# TASK REQUIREMENTS:
Pictures excluded, output exactly the lines from the one containing "Selected Homme - SLHSLIM-CARLO" through the last line of the listing below.

# THE DATA:

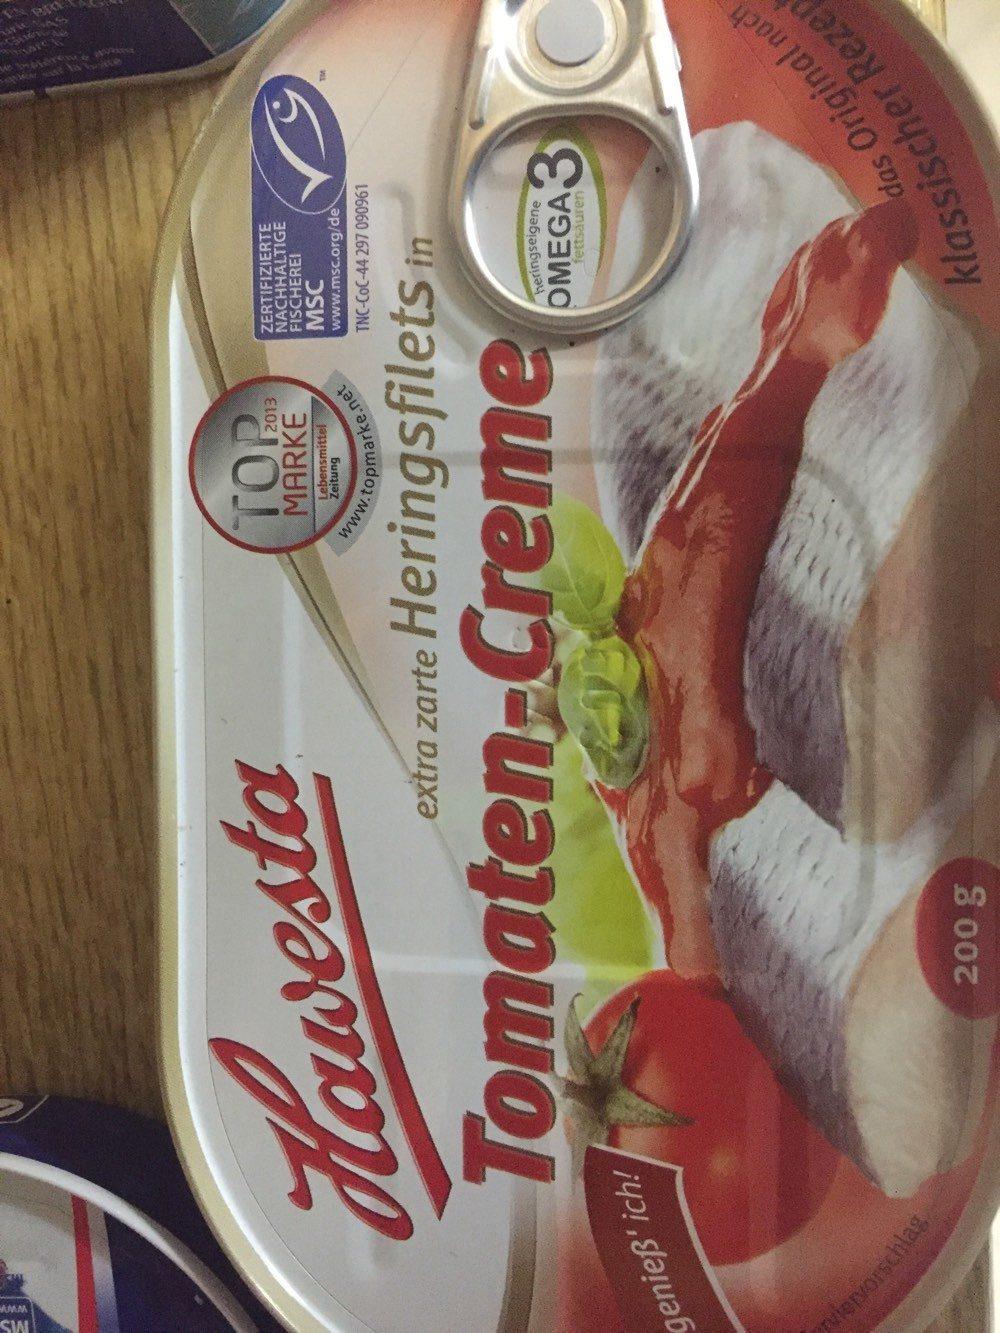 Extra zarte Heringsfilets in Tomaten-Creme - Produit - fr
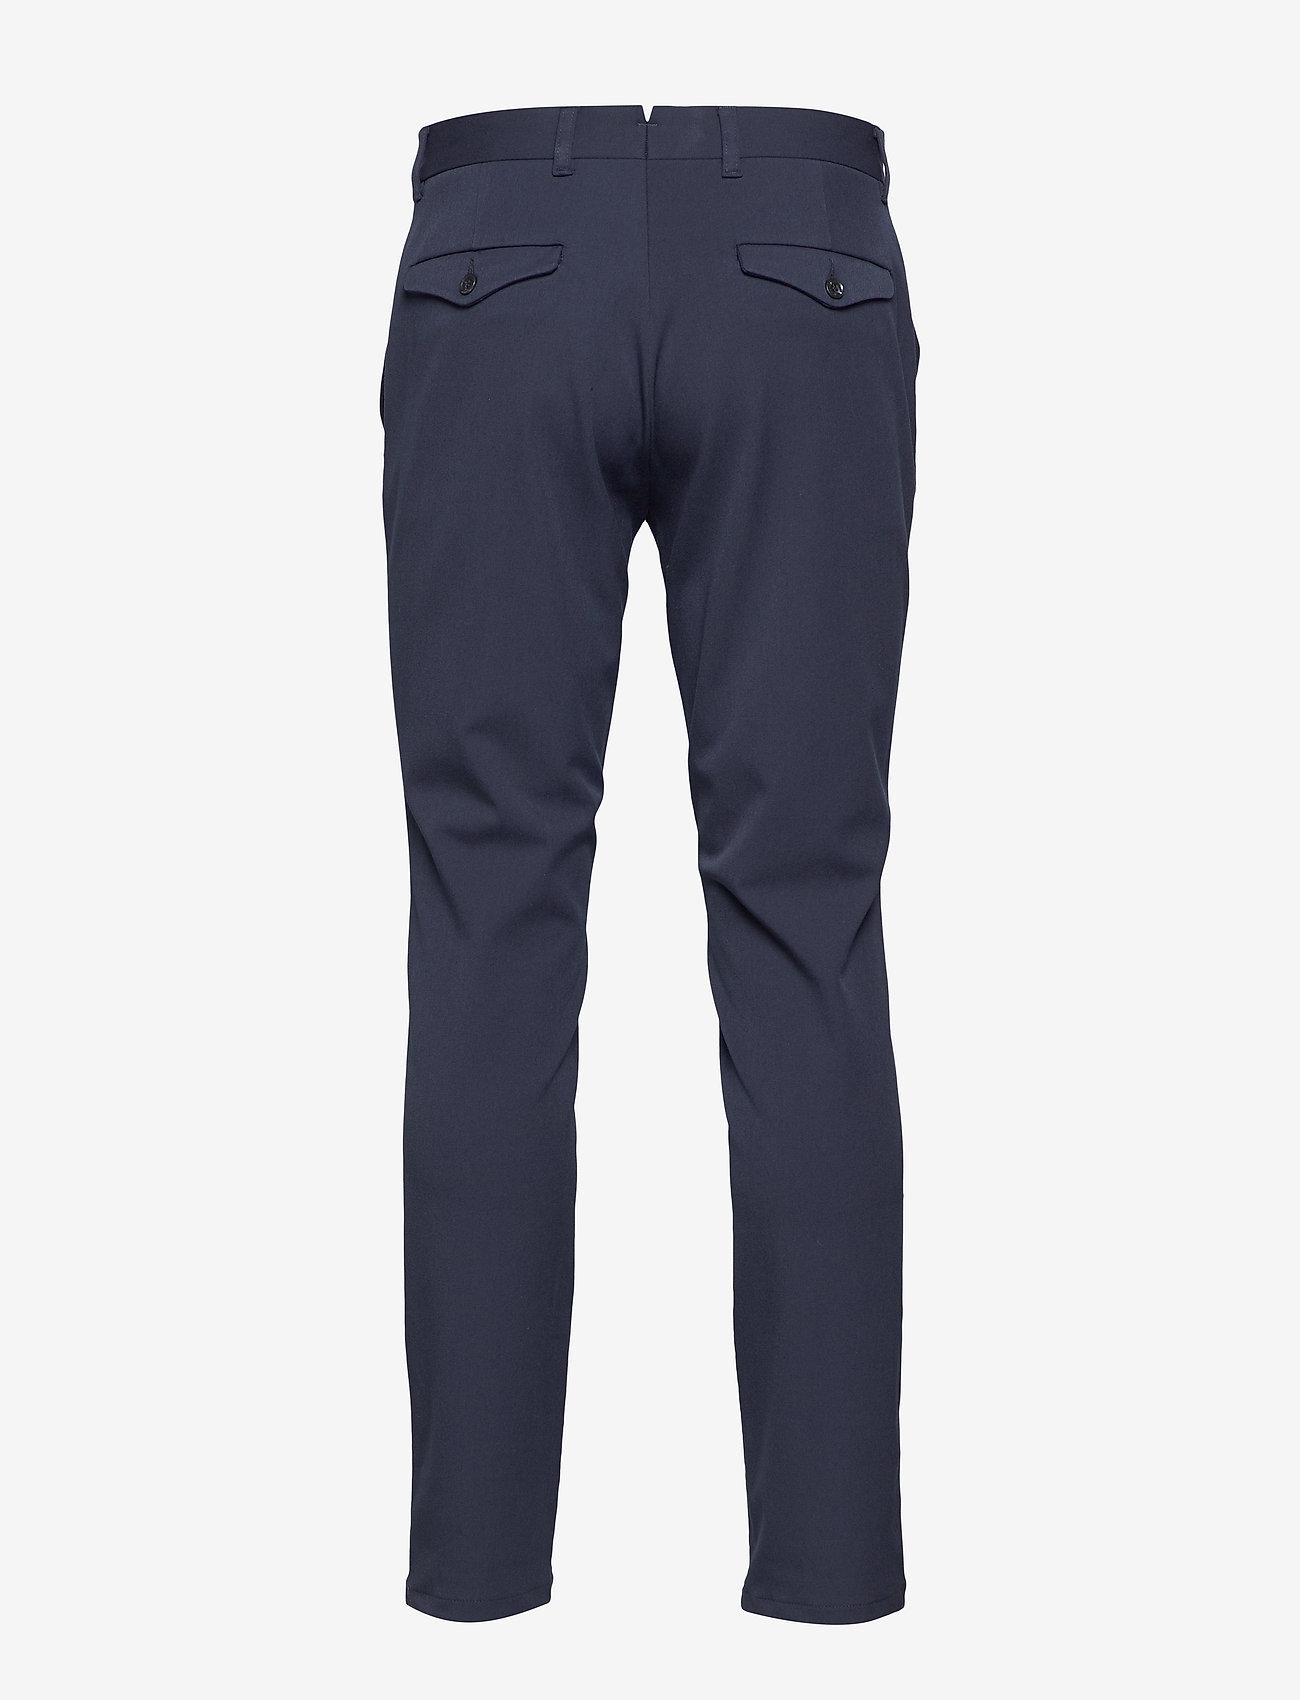 Selected Homme - SLHSLIM-CARLO FLEX PANTS B NOOS - suitbukser - navy blazer - 1
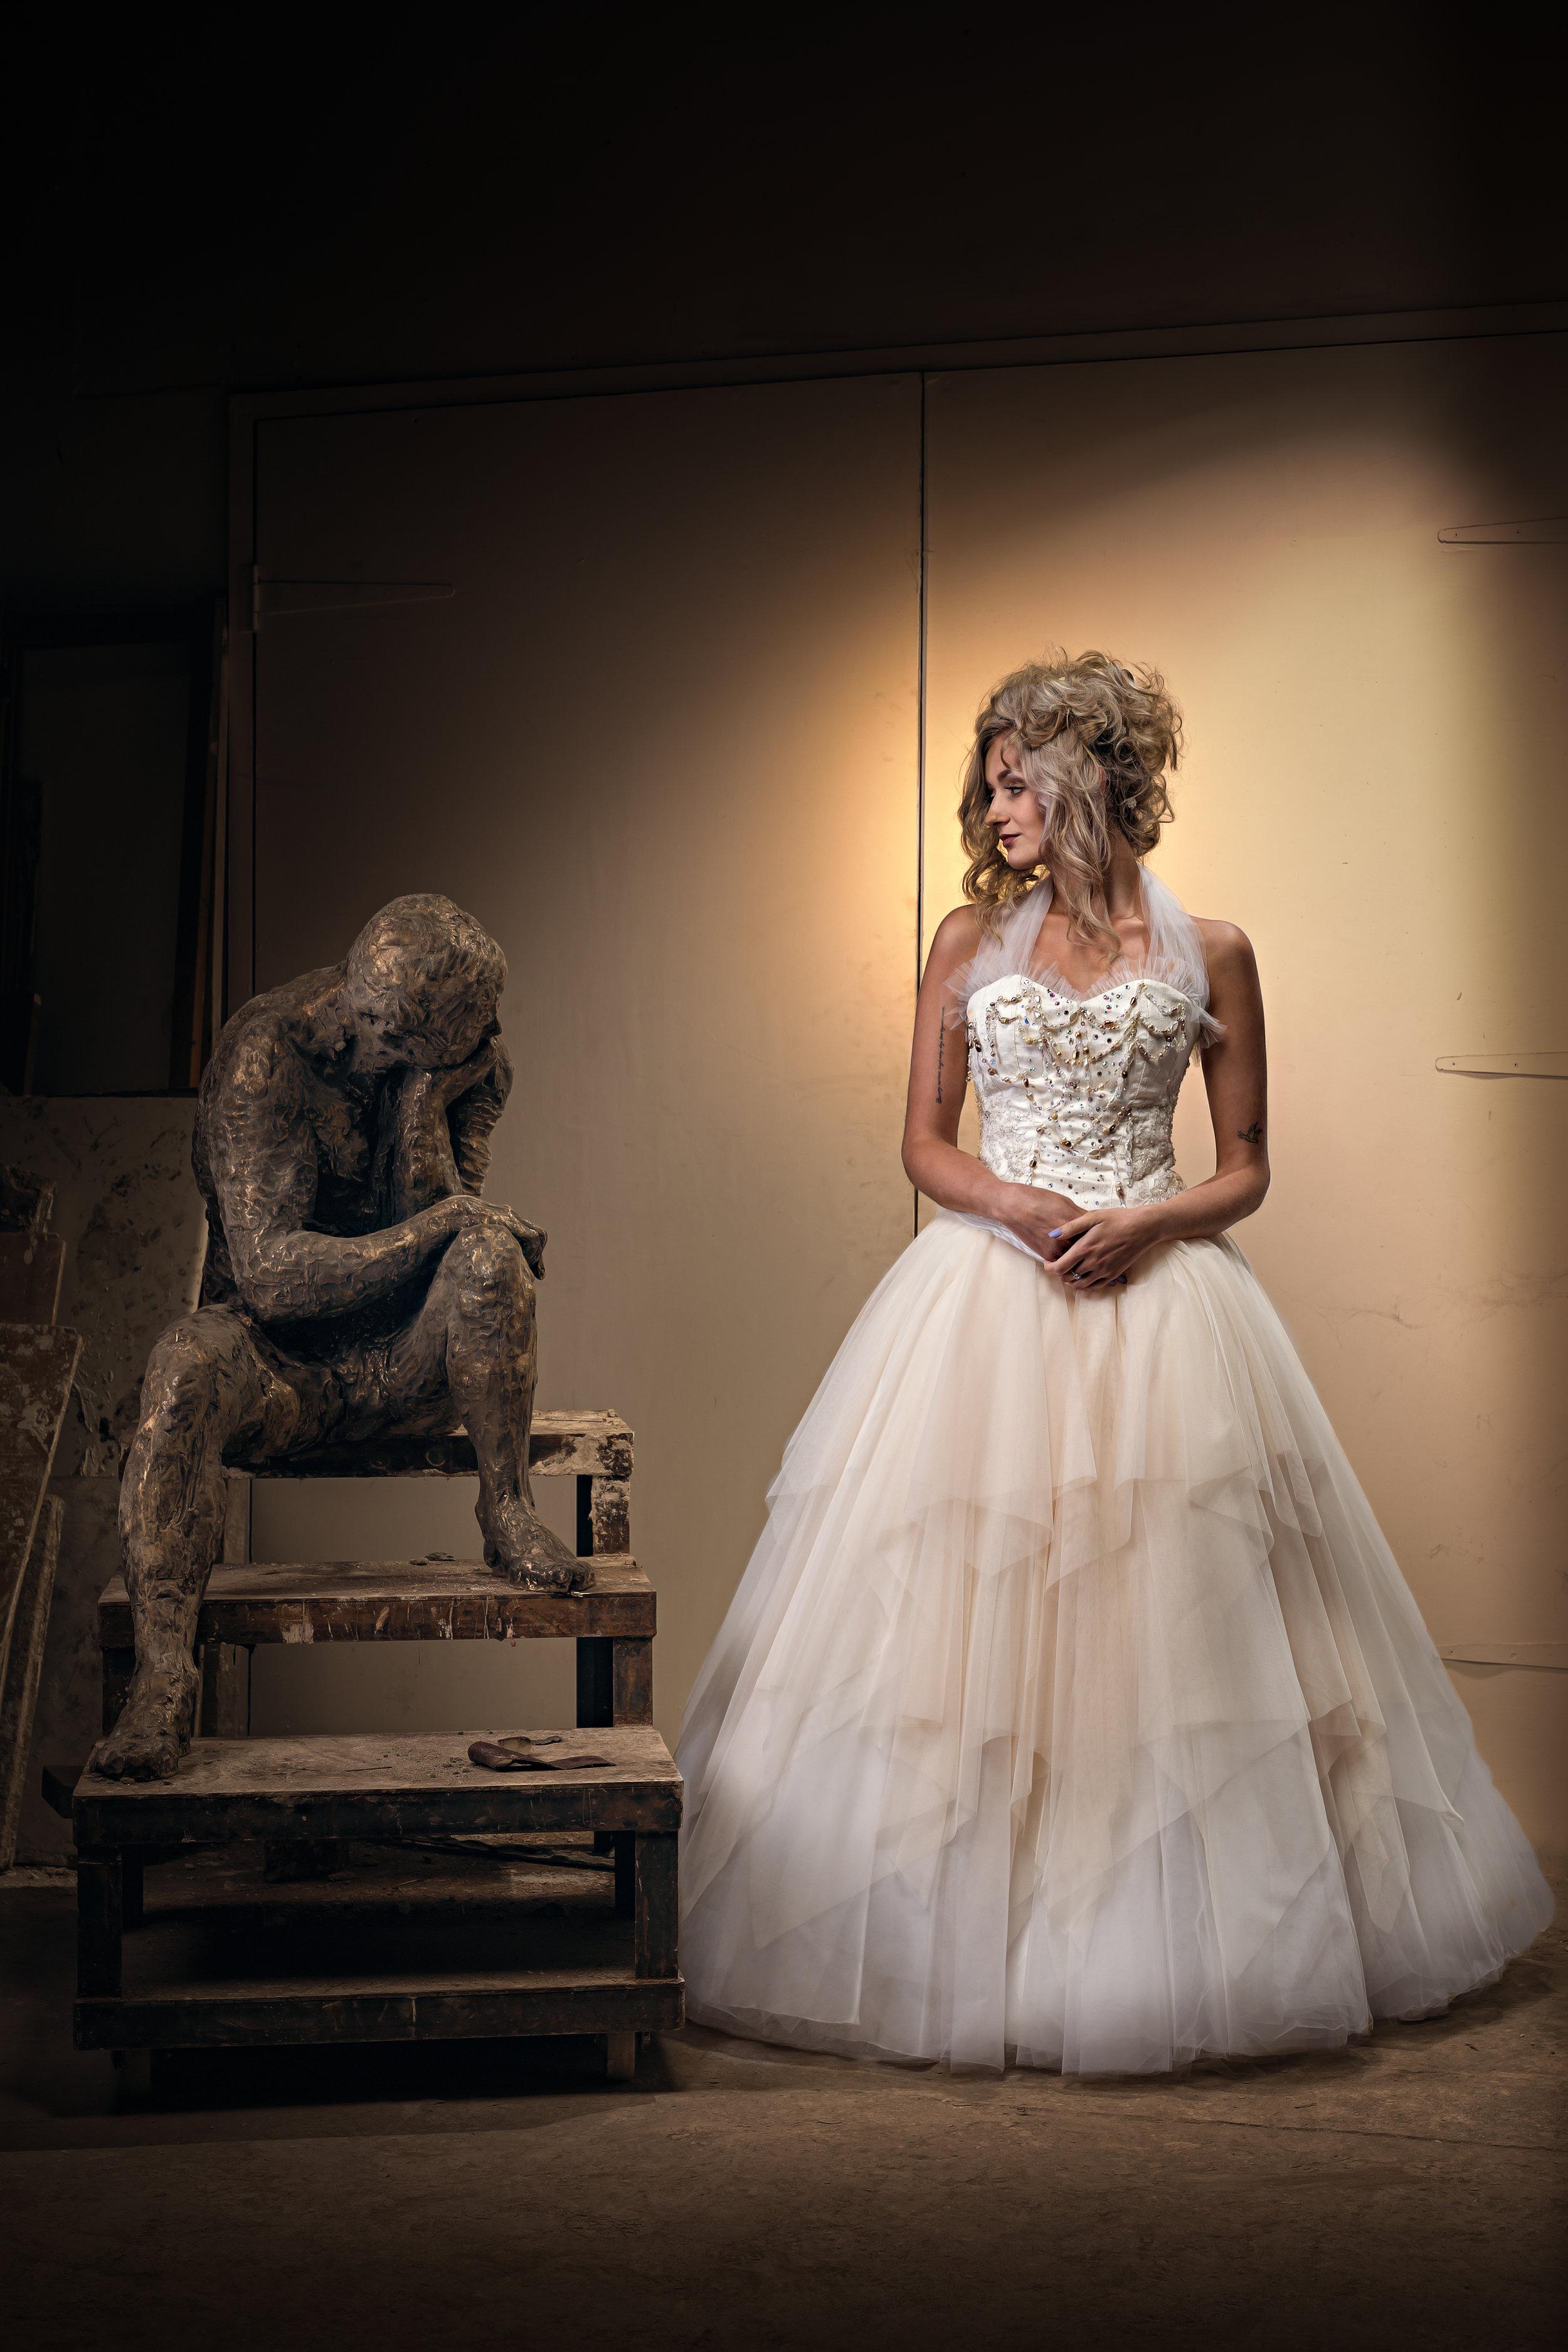 Martin Dobson Couture - Bespoke wedding dress - Suffolk - 0288 - September 17, 2017 - copyright Foyers Photography-Edit--® Robert Foyers - All Rights Reserved-3466 x 5199.JPG

# EXERCISE RESULT:
 Selected Homme - SLHSLIM-CARLO FLEX PANTS B NOOS - suitbukser - navy blazer - 1
 Martin Dobson Couture - Bespoke wedding dress - Suffolk - 0288 - September 17, 2017 - copyright Foyers Photography-Edit--® Robert Foyers - All Rights Reserved-3466 x 5199.JPG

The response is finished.